__Assigned task__.
Beneath this line sits some data. Return only its lines from the one holding "这是一张中国地图，展示了不同" through the one holding "Spoons Vector Icon", inclusive, exactly, with the images removed.

__Records provided__.
=== Section Start ===

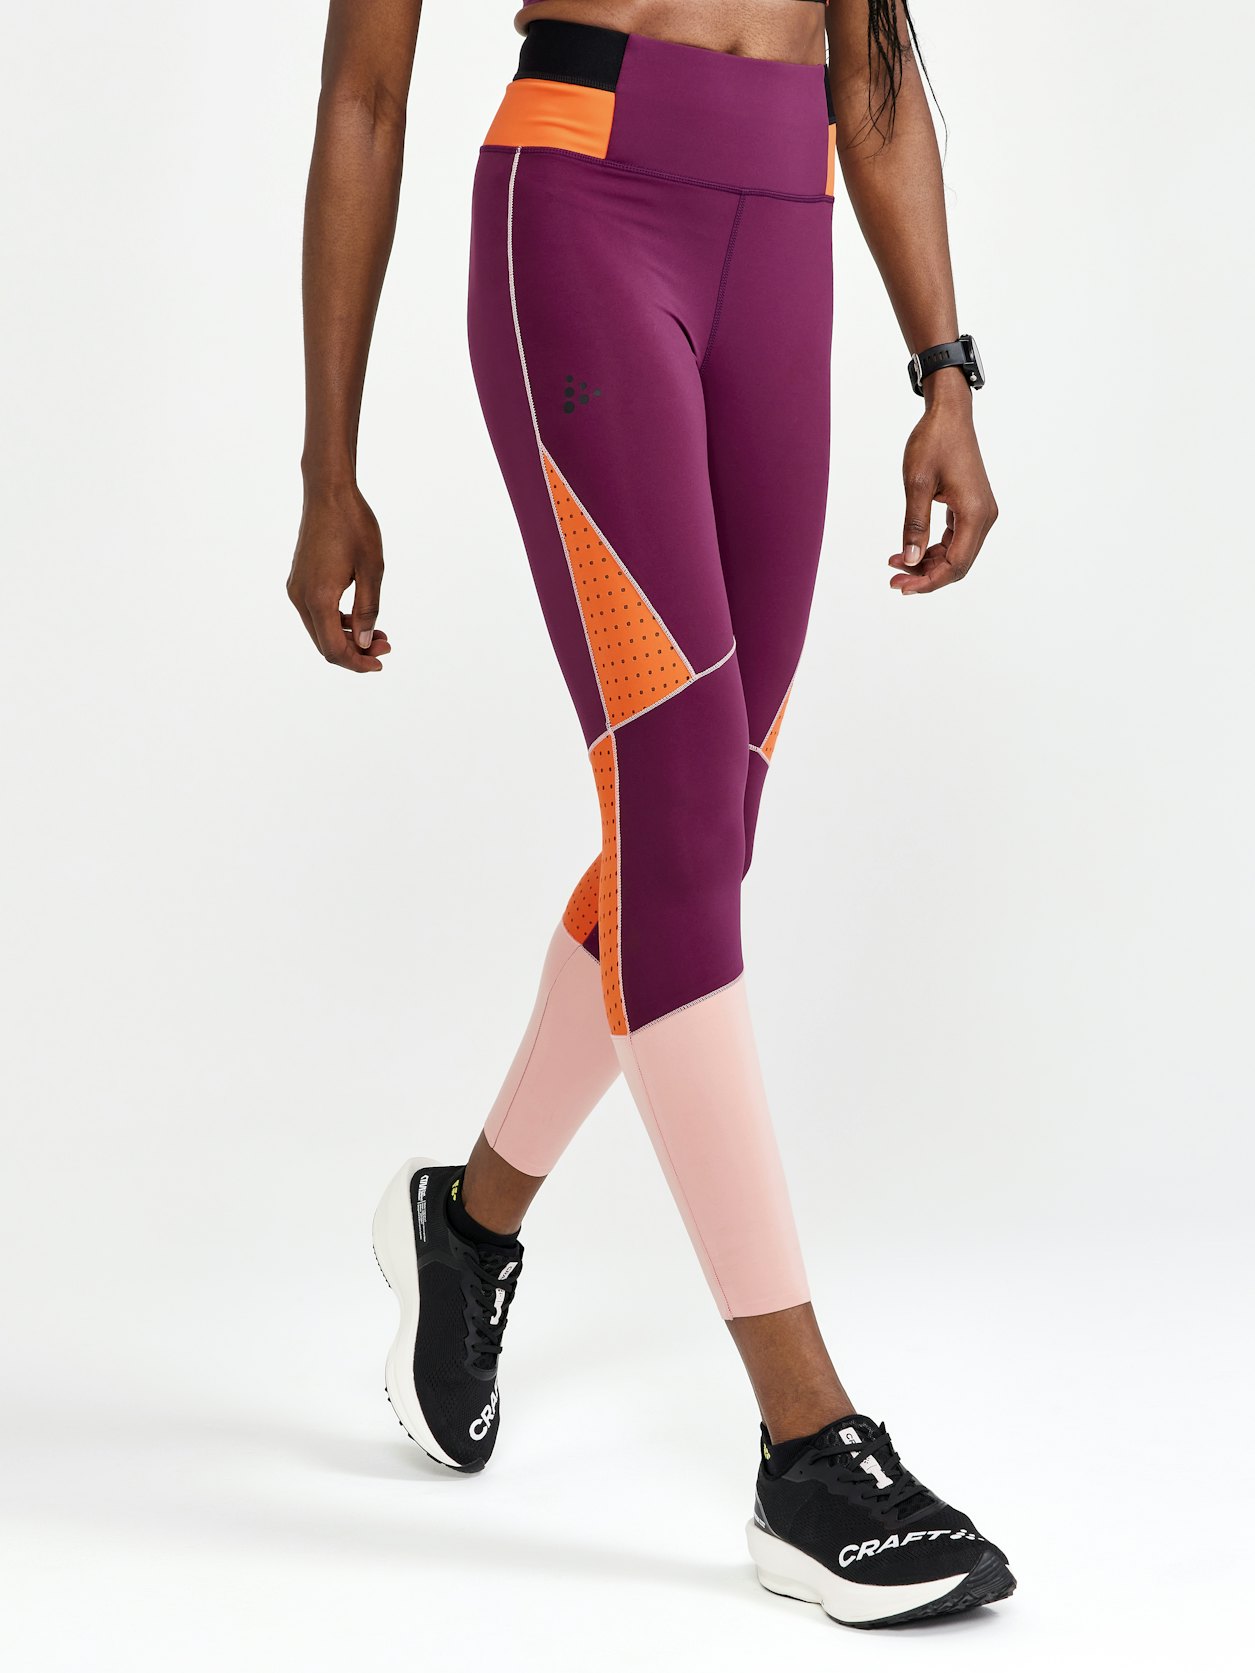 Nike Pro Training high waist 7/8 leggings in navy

=== Section End ===
=== Section Start ===

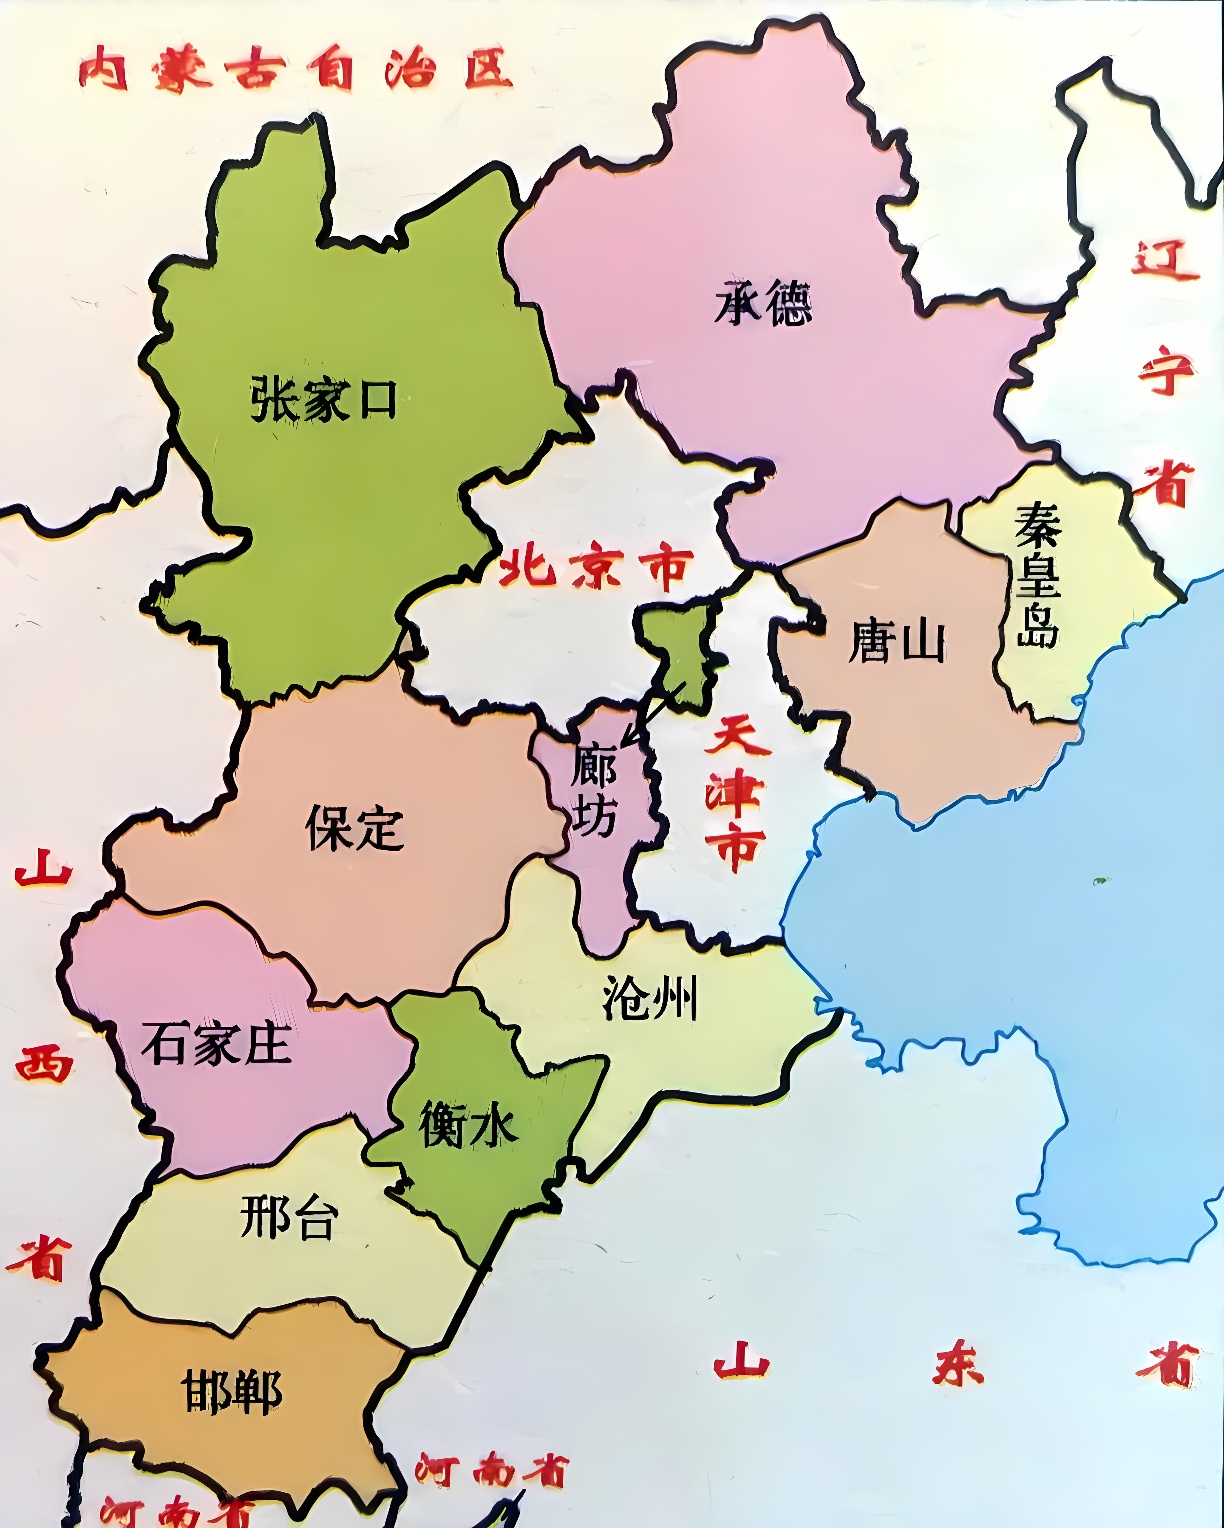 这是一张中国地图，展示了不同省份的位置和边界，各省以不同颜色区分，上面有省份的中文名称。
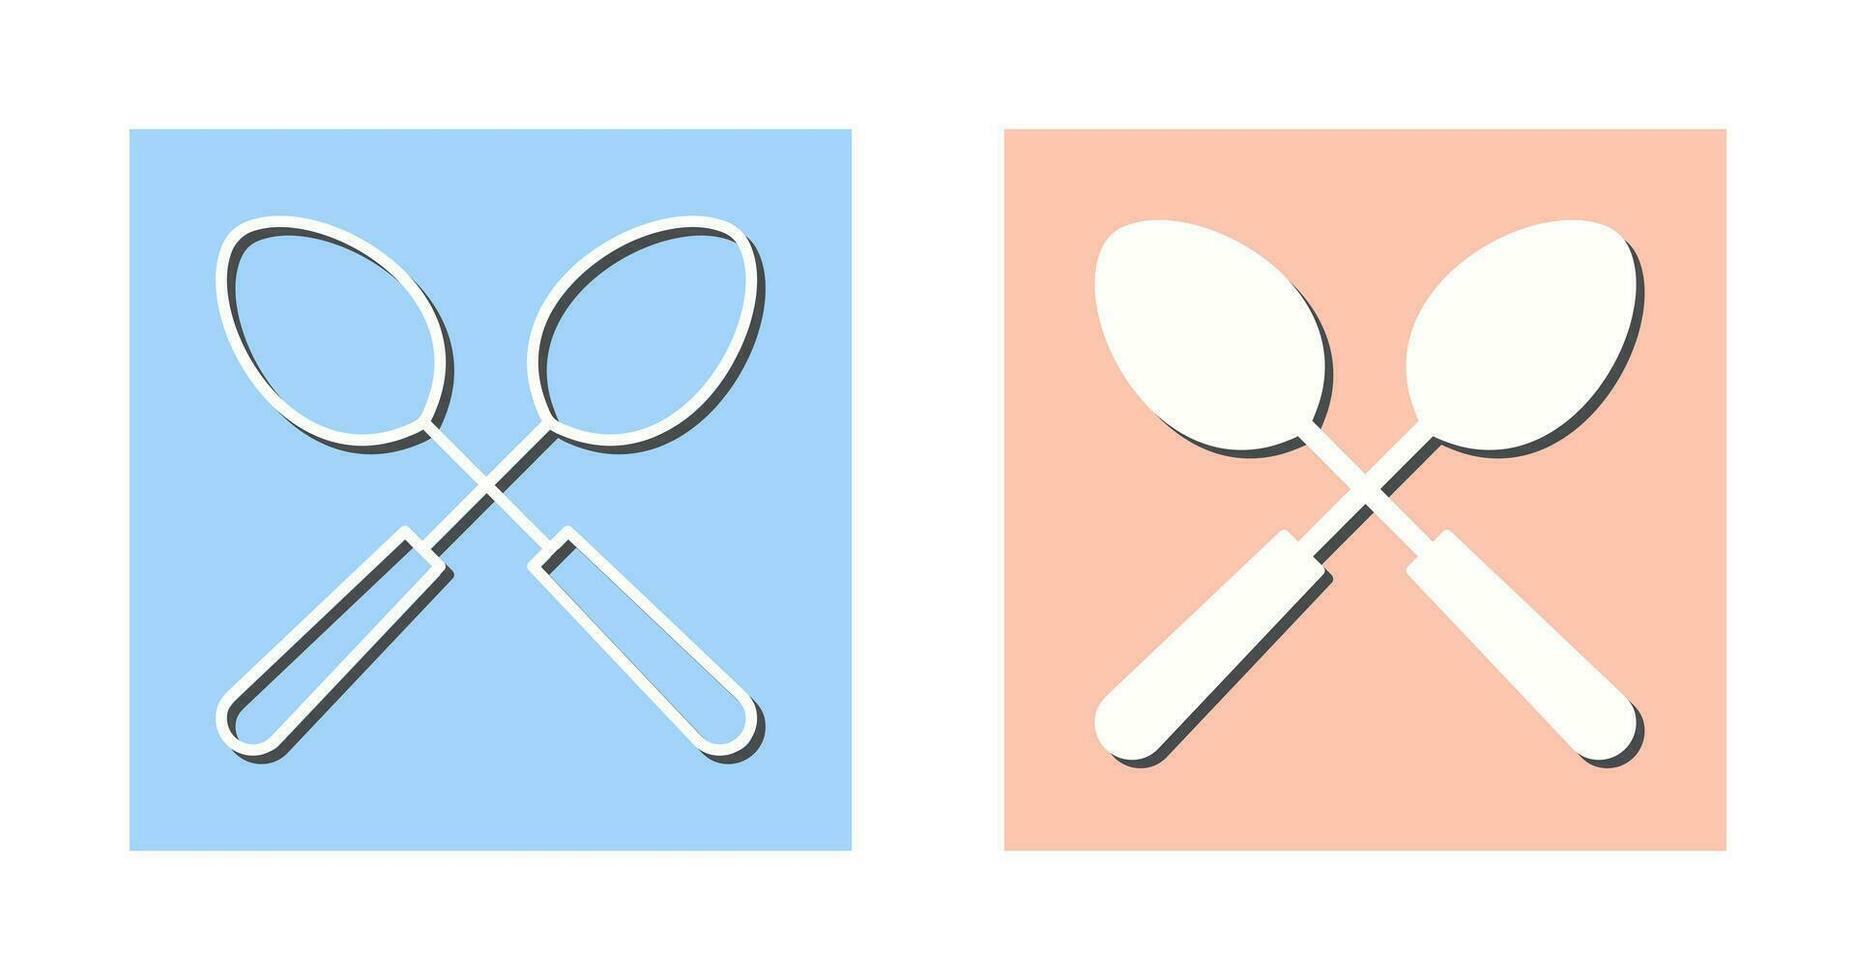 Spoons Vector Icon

=== Section End ===

__Finished task__.
 这是一张中国地图，展示了不同省份的位置和边界，各省以不同颜色区分，上面有省份的中文名称。
 Spoons Vector Icon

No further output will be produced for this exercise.